No it isn’t, wulf said.
Zoë and Lorcan blinked up at me in the dark. I stared at them. Joy. Joy is a circularity. There is the joy. Then disbelief that says you must be dreaming. Then the mental pause or step back to give the universe a chance to wake you. Then the return to see if the joy is still there – and there is the joy again, insanely real and undeservedly all yours.

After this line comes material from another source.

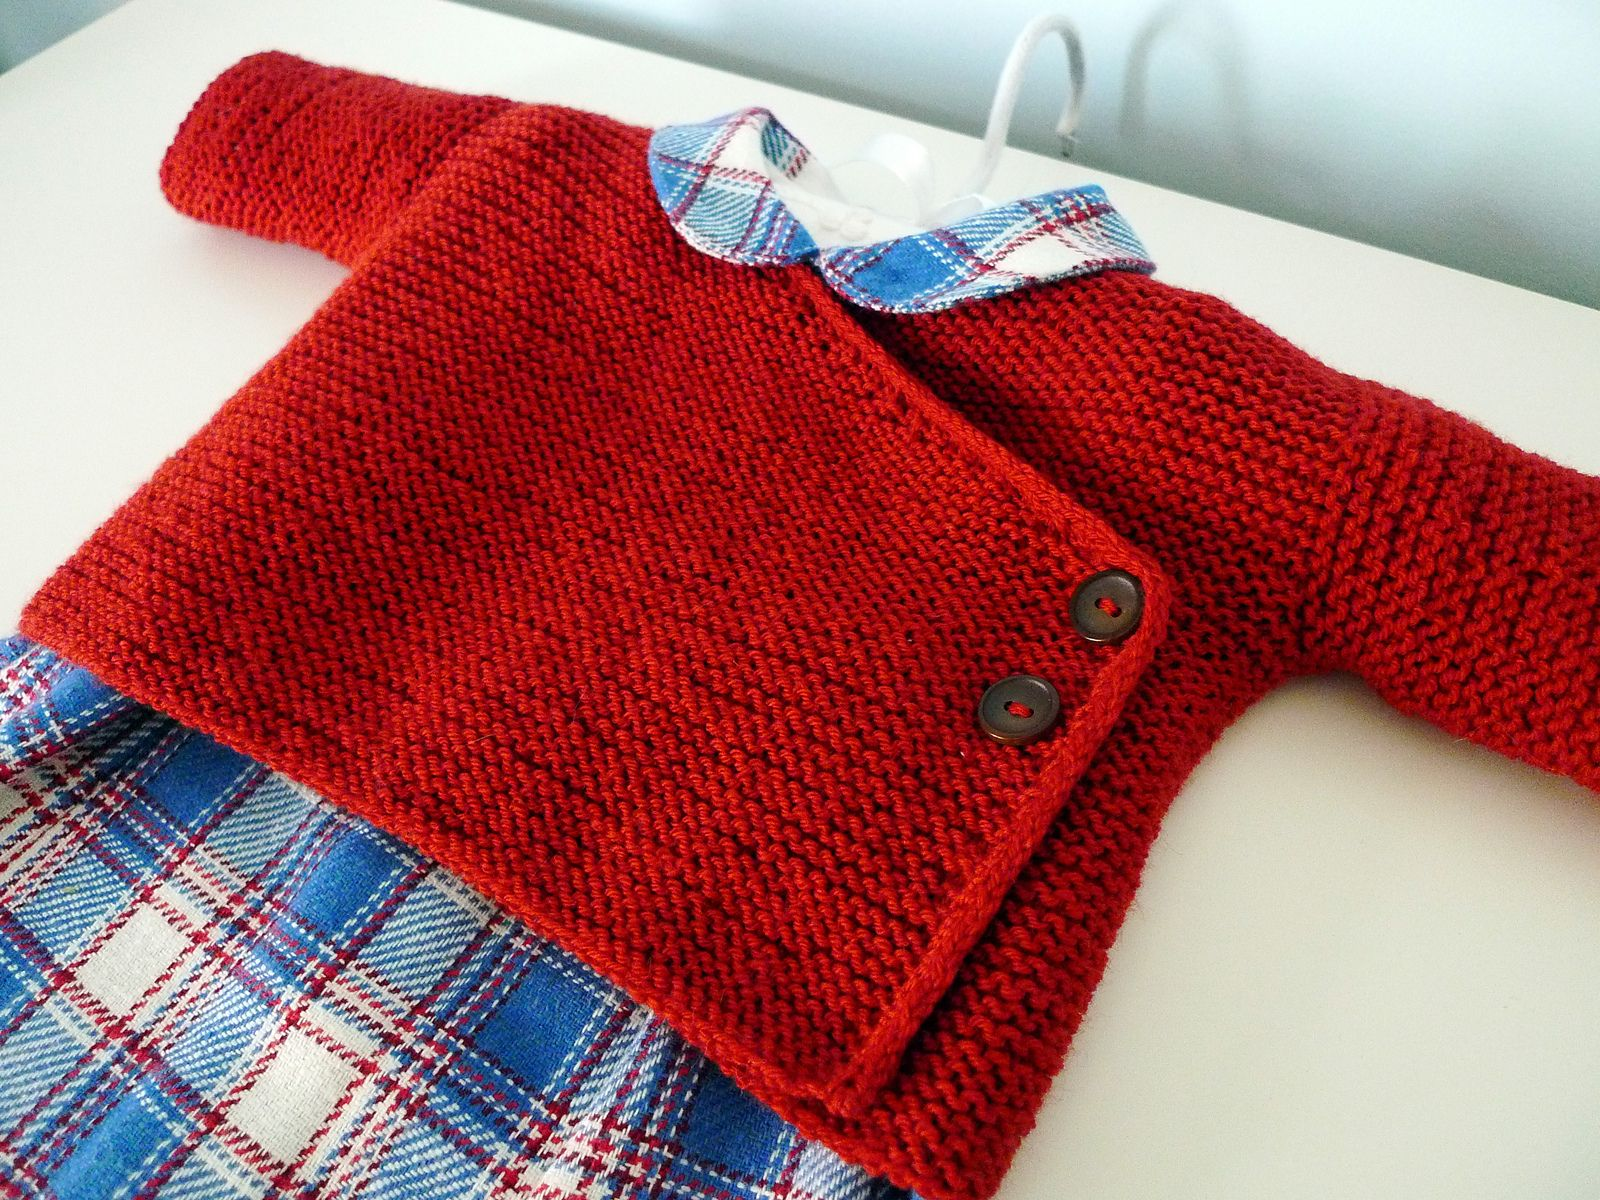 Ravelry: Garter Stitch Baby Kimono by Joji Locatelli | Knitting ...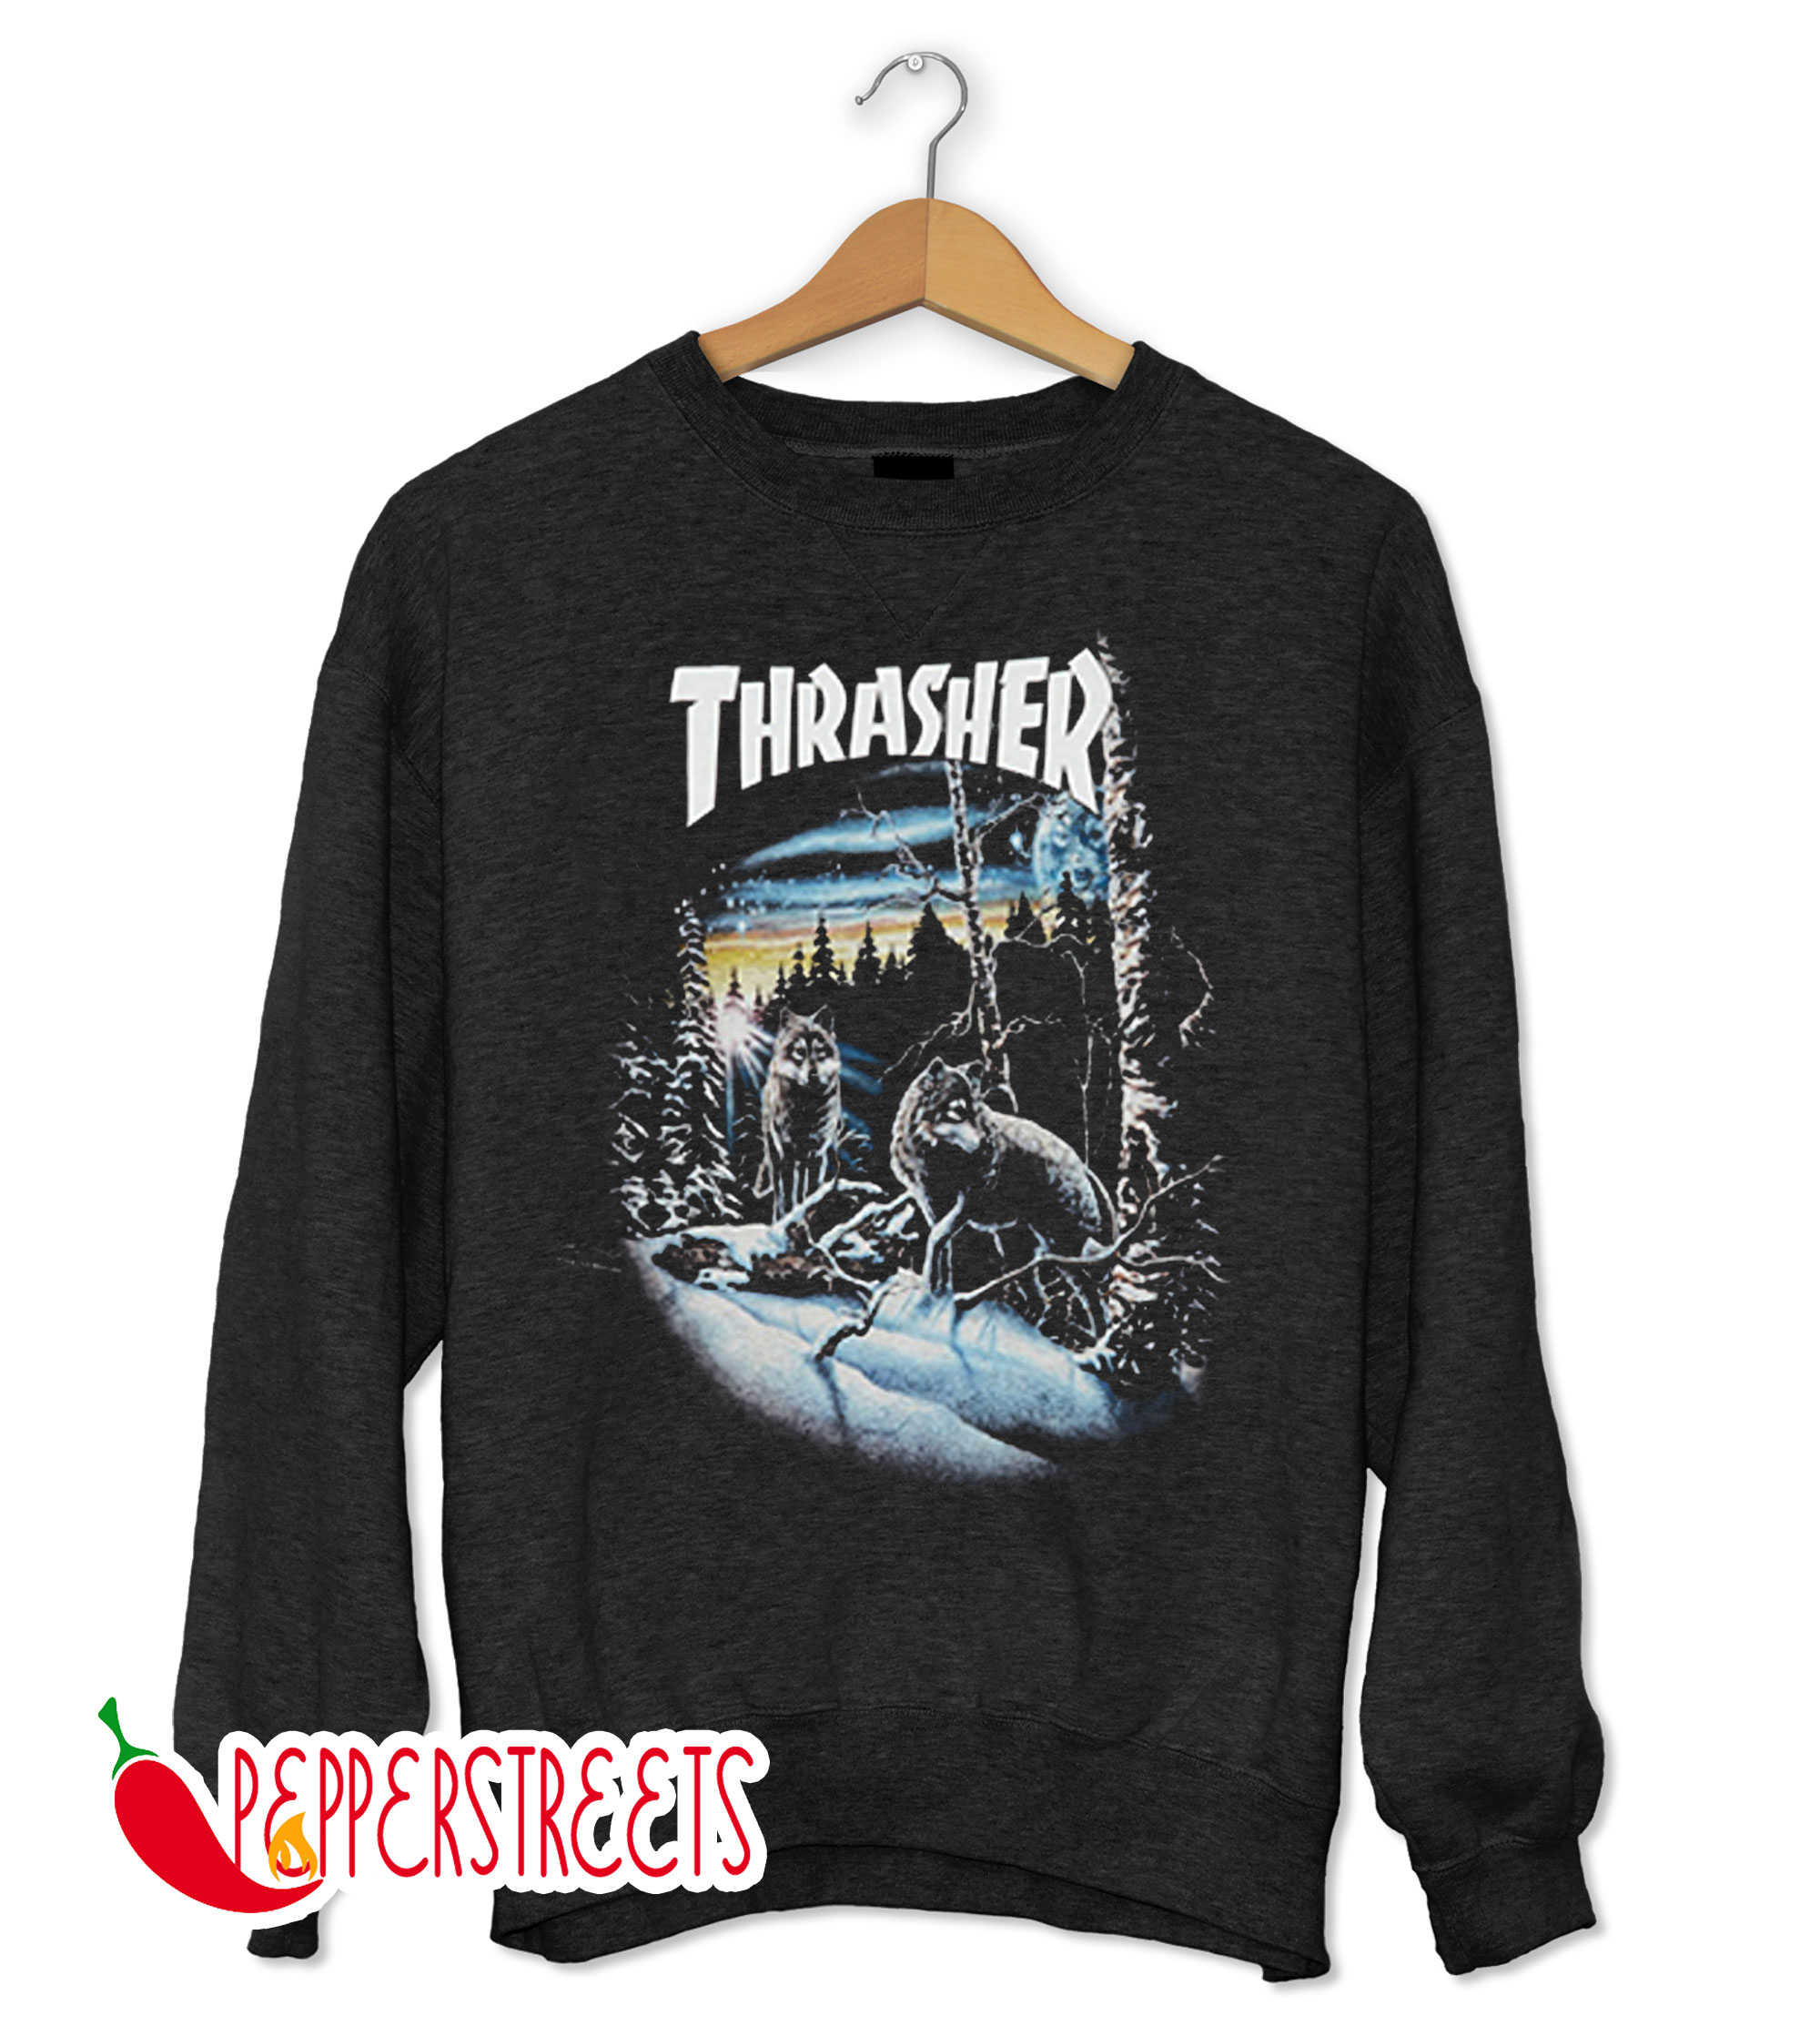 THRASHER 13 WOLVES SWEATSHIRT

I took the bassinet and my newly-begun journal and crept downstairs.
The fire in the lounge was dead but the kitchen’s Aga still radiated heat, so I drew two chairs together in front of it, set the twins on the floor close by me, put my feet up and re-read the paragraph I’d written earlier.
You kill for two reasons. First, because it’s kill or die. Second, because it feels good. In the human court of appeal the first reason buys you theoretical mitigation. The second buys you a silver bullet.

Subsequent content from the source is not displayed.